Ah, never mind. I got it.

That's only a little bit more complex, but I'd be asking for clarification of the requirements at this point.

void hurrrrrrrr() {__asm sub [ebp+4],5;}

There are ten kinds of people in this world: those who understand binary and those who don't.

Yes,
A* will not be the right solution for my problem having multiple nodes. I need something for finding the shortest path between N points by reusing the same path. The whole thing can be imagined as a grid of obstacles, some are removable and some are not, and when you clear a removable obstacle, moving back on it has not cost. I was misled by the initial 2 point connecting task, that can work with A*.

I was misled by the initial 2 point connecting task, that can work with A*.
You're searching for the set of positions to take in order to reach the destination.

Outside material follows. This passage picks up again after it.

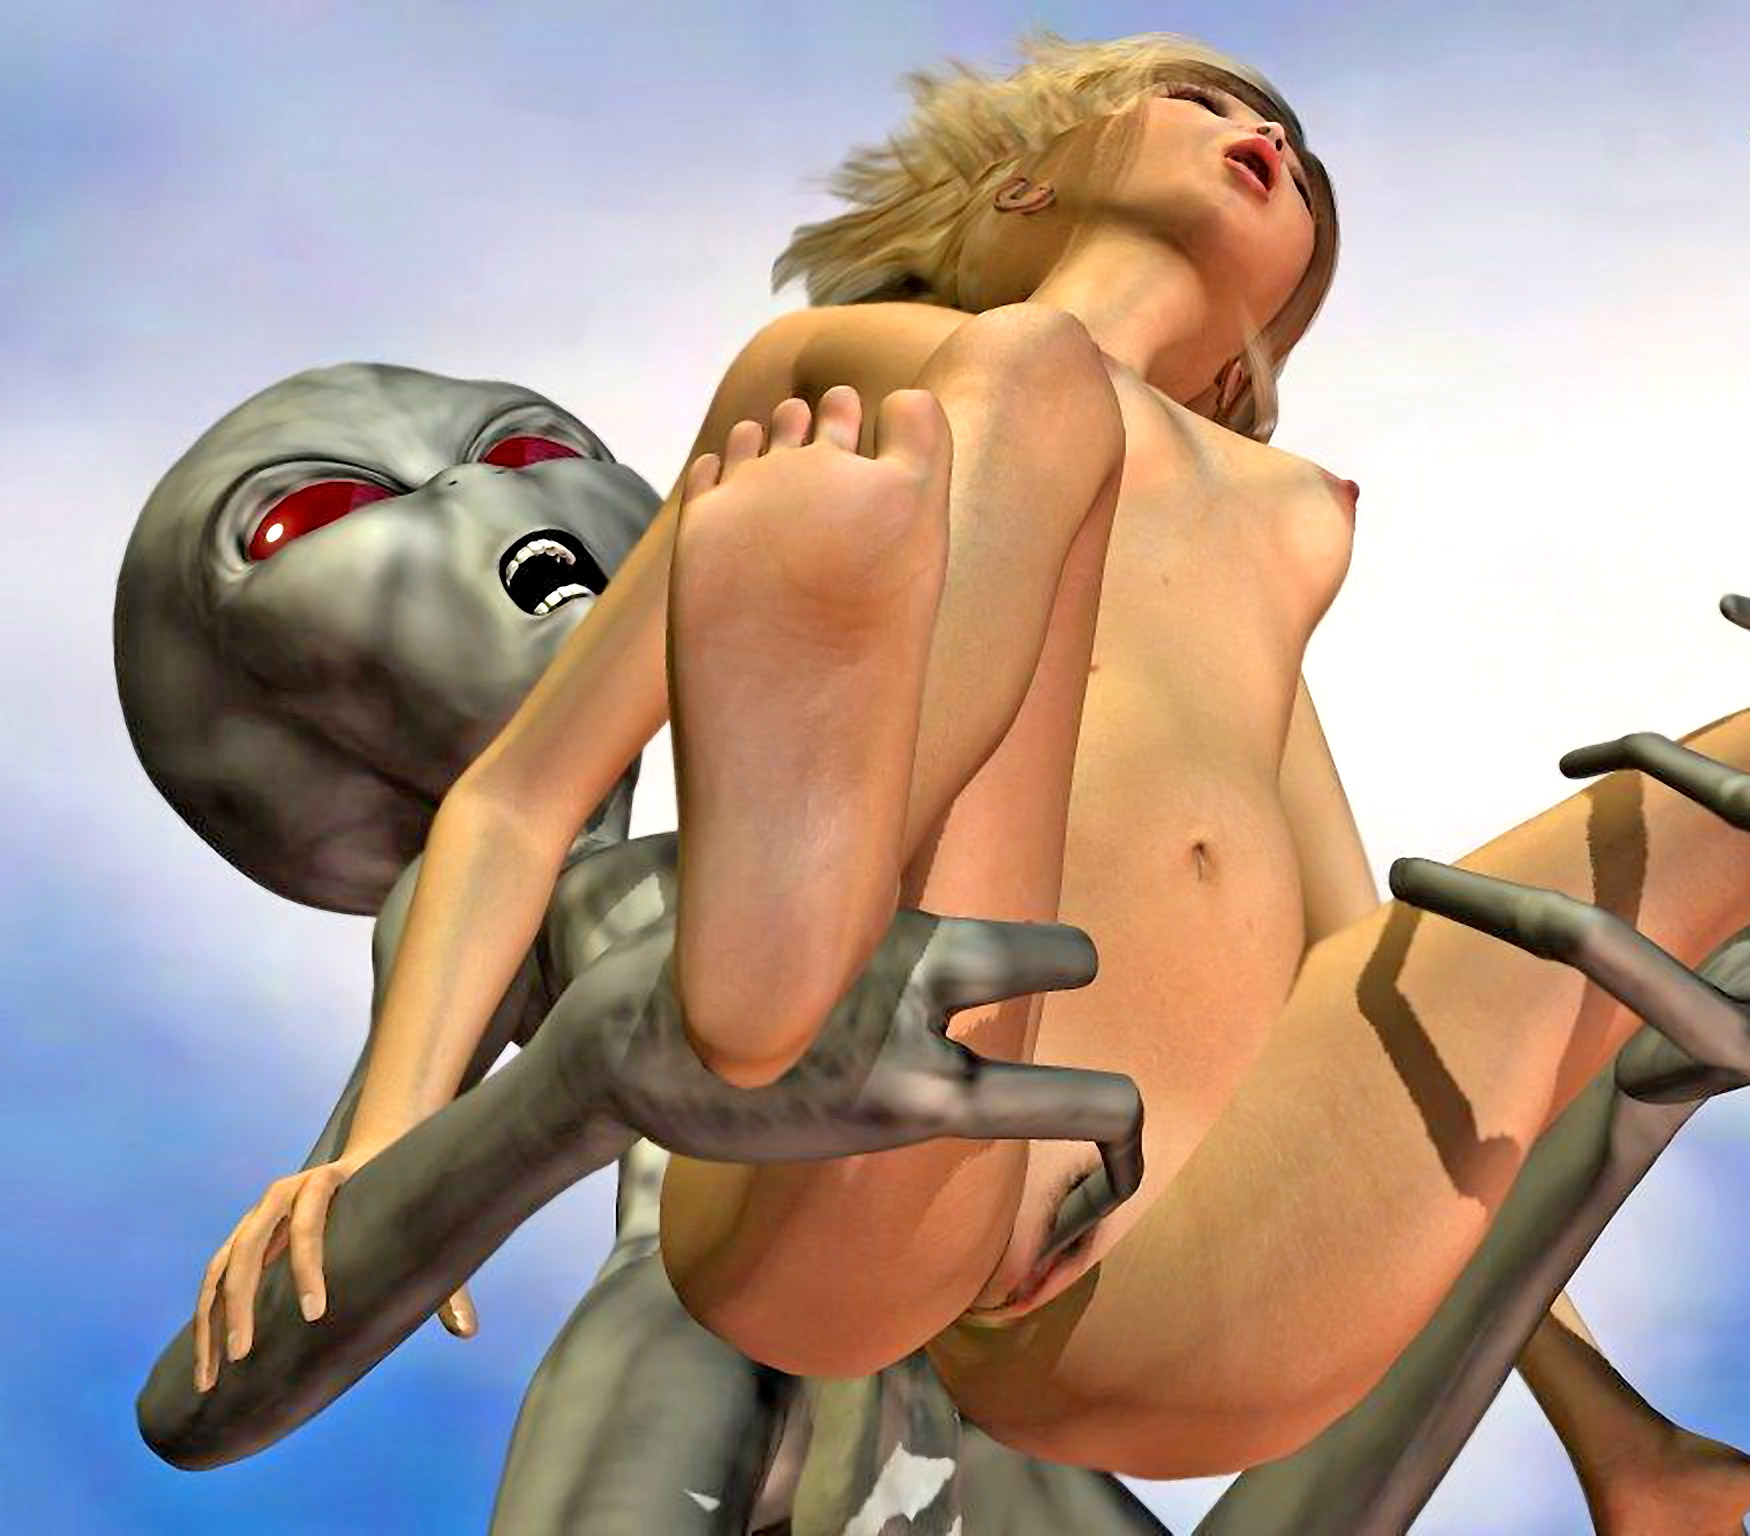 1750px x 1536px - monster sex cartoon with blonde chick enjoying with a robot |  3dwerewolfporn.com

I need something for finding the shortest path between N points by reusing the same path. The whole thing can be imagined as a grid of obstacles, some are removable and some are not, and when you clear a removable obstacle, moving back on it has not cost.
You're searching for the set of obstacles to take in order to get a free path to all points.

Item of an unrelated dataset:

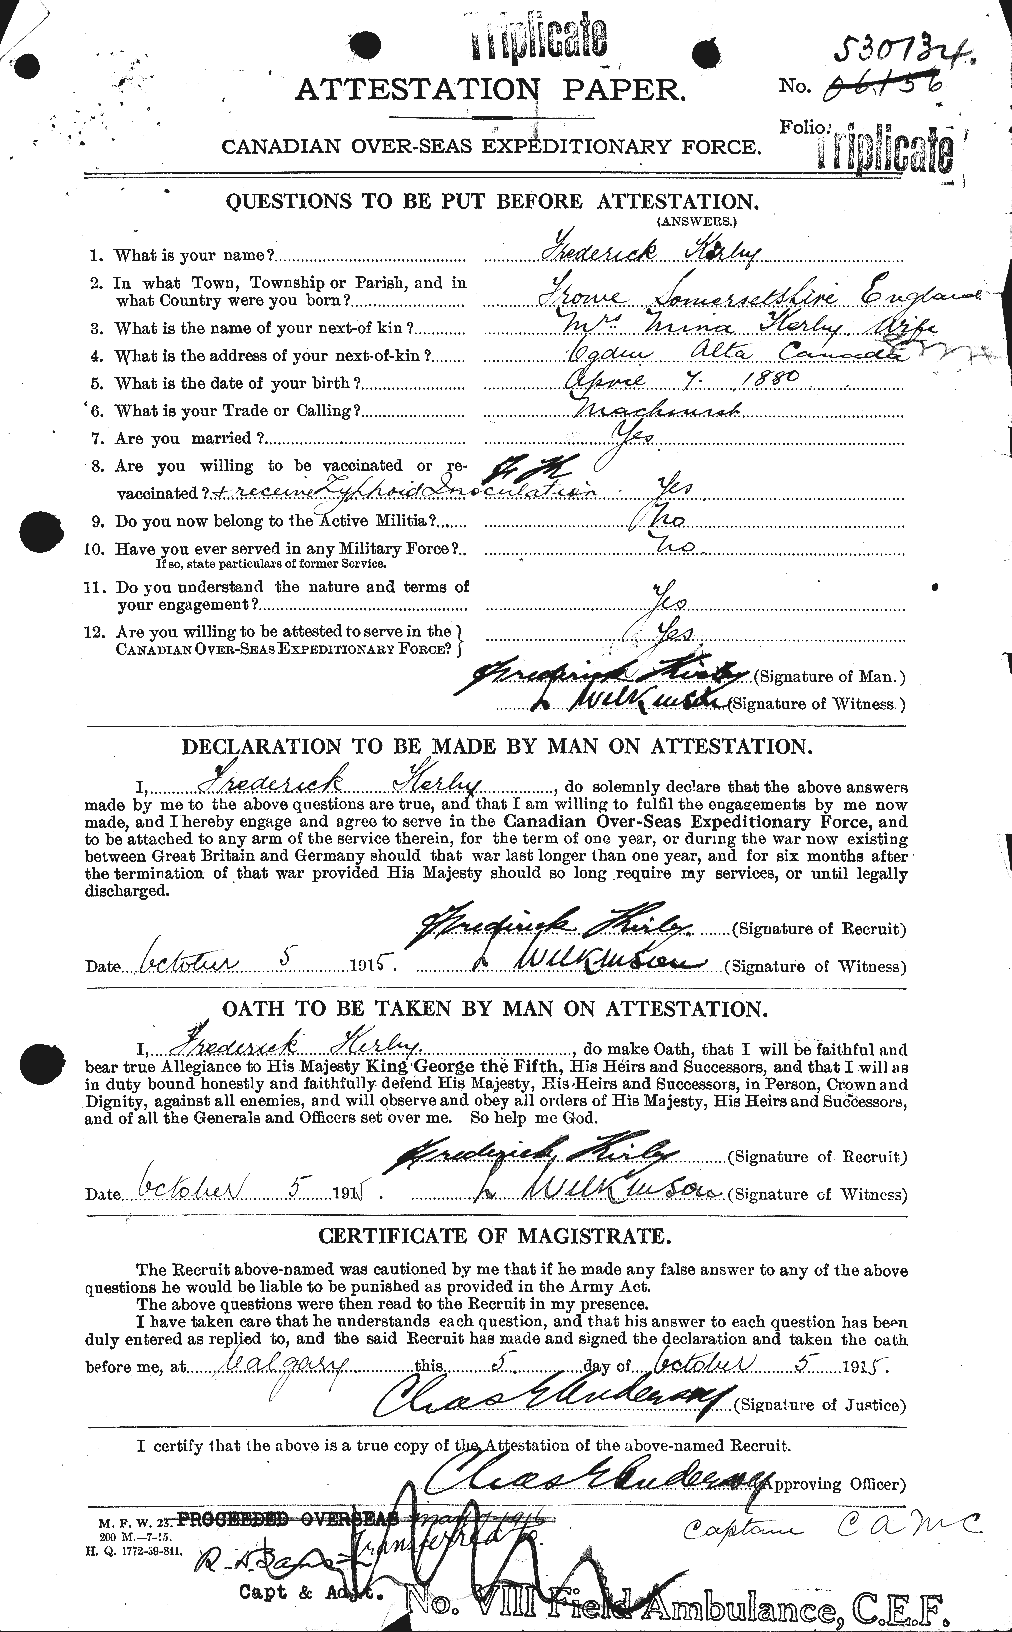 Dossiers du Personnel de la Première Guerre mondiale - CEC 437187a

A* will not be the right solution for my problem having multiple nodes.
I think you can, by seeing the initial grid as starting point, and the grid with free paths to all nodes as end-point, and in-between, grids with some partial fields taken out.

The branching factor is far beyond horrible though, and the estimate becomes an interesting problem by itself (although solvable by A*), so I am really wondering if this is what is intended :p

I think that you can still use A* for the initial step, but stop me if I'm wrong here.

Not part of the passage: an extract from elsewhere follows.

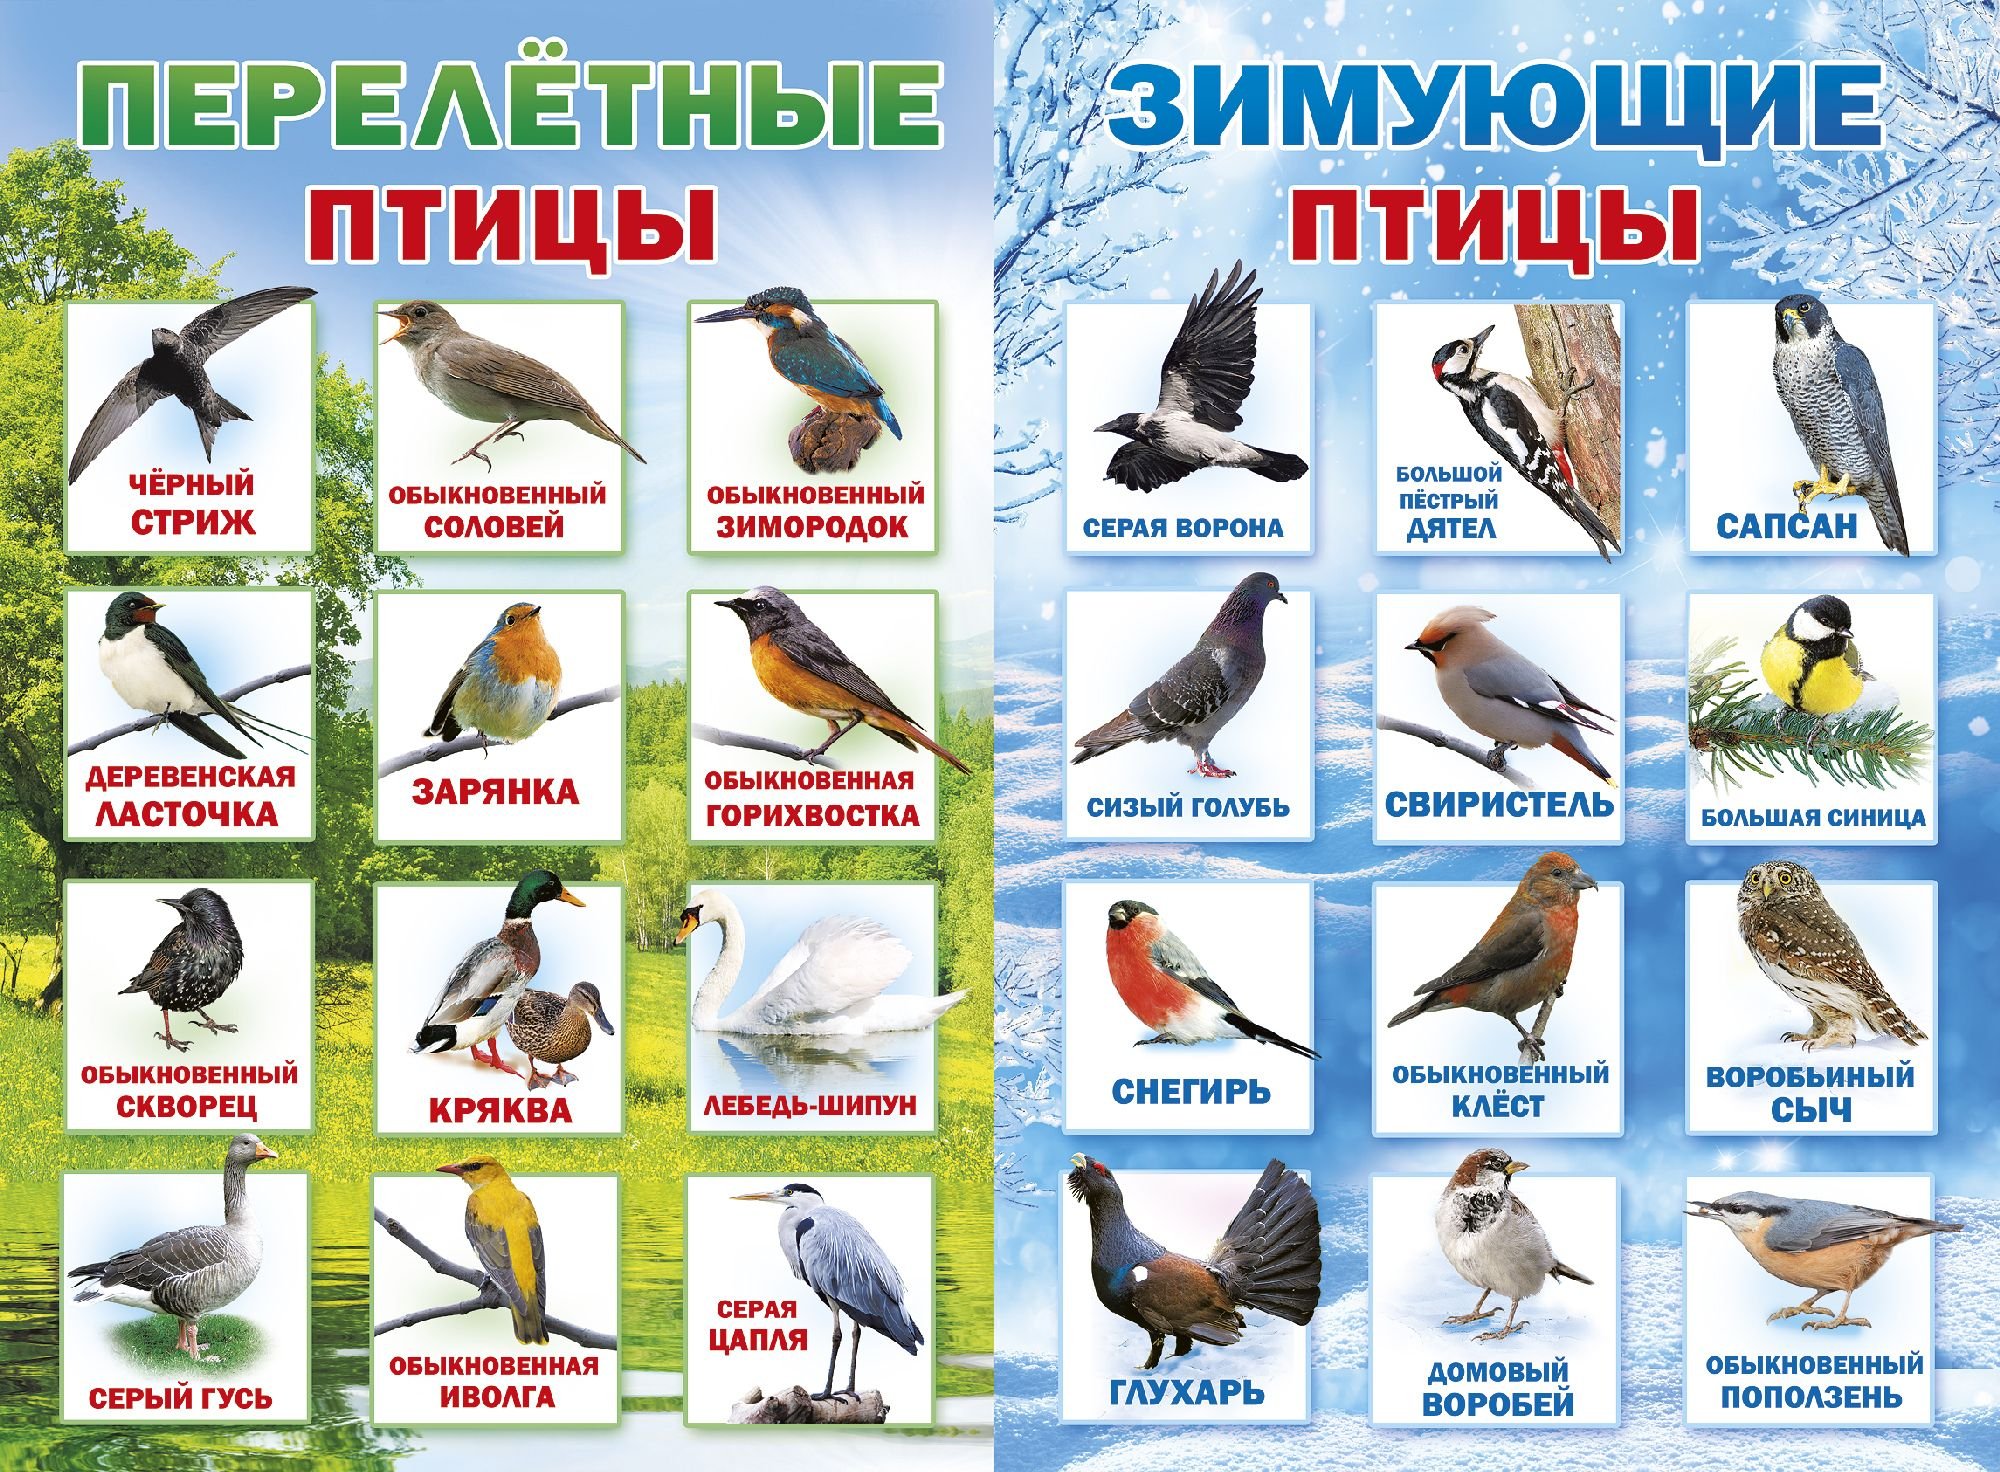 Перелетные птицы самарской области - 66 фото

The smallest connected system should be primarily composed of the MST, but you may be able to crop some parts if you have overlapping with weird geometry (I think? It seems like it but I'm having trouble imagining an example.). I think that in most cases you'll just end up with a sort of "virtual node", like Nypyren showed, since the path from that position to its connecting "real" nodes will always be the A* shortest path that led to there in the first place.

This is becoming a problem of finding a proof for this system. -.-

void hurrrrrrrr() {__asm sub [ebp+4],5;}

There are ten kinds of people in this world: those who understand binary and those who don't.
I have an idea for a naive single-pass solver that I'm going to try: Do Dijkstra's/wavefront/BFS traversal simultaneously starting at all of the waypoints. I suspect the optimal nodes will involve the 'ridge' that forms when wavefronts meet.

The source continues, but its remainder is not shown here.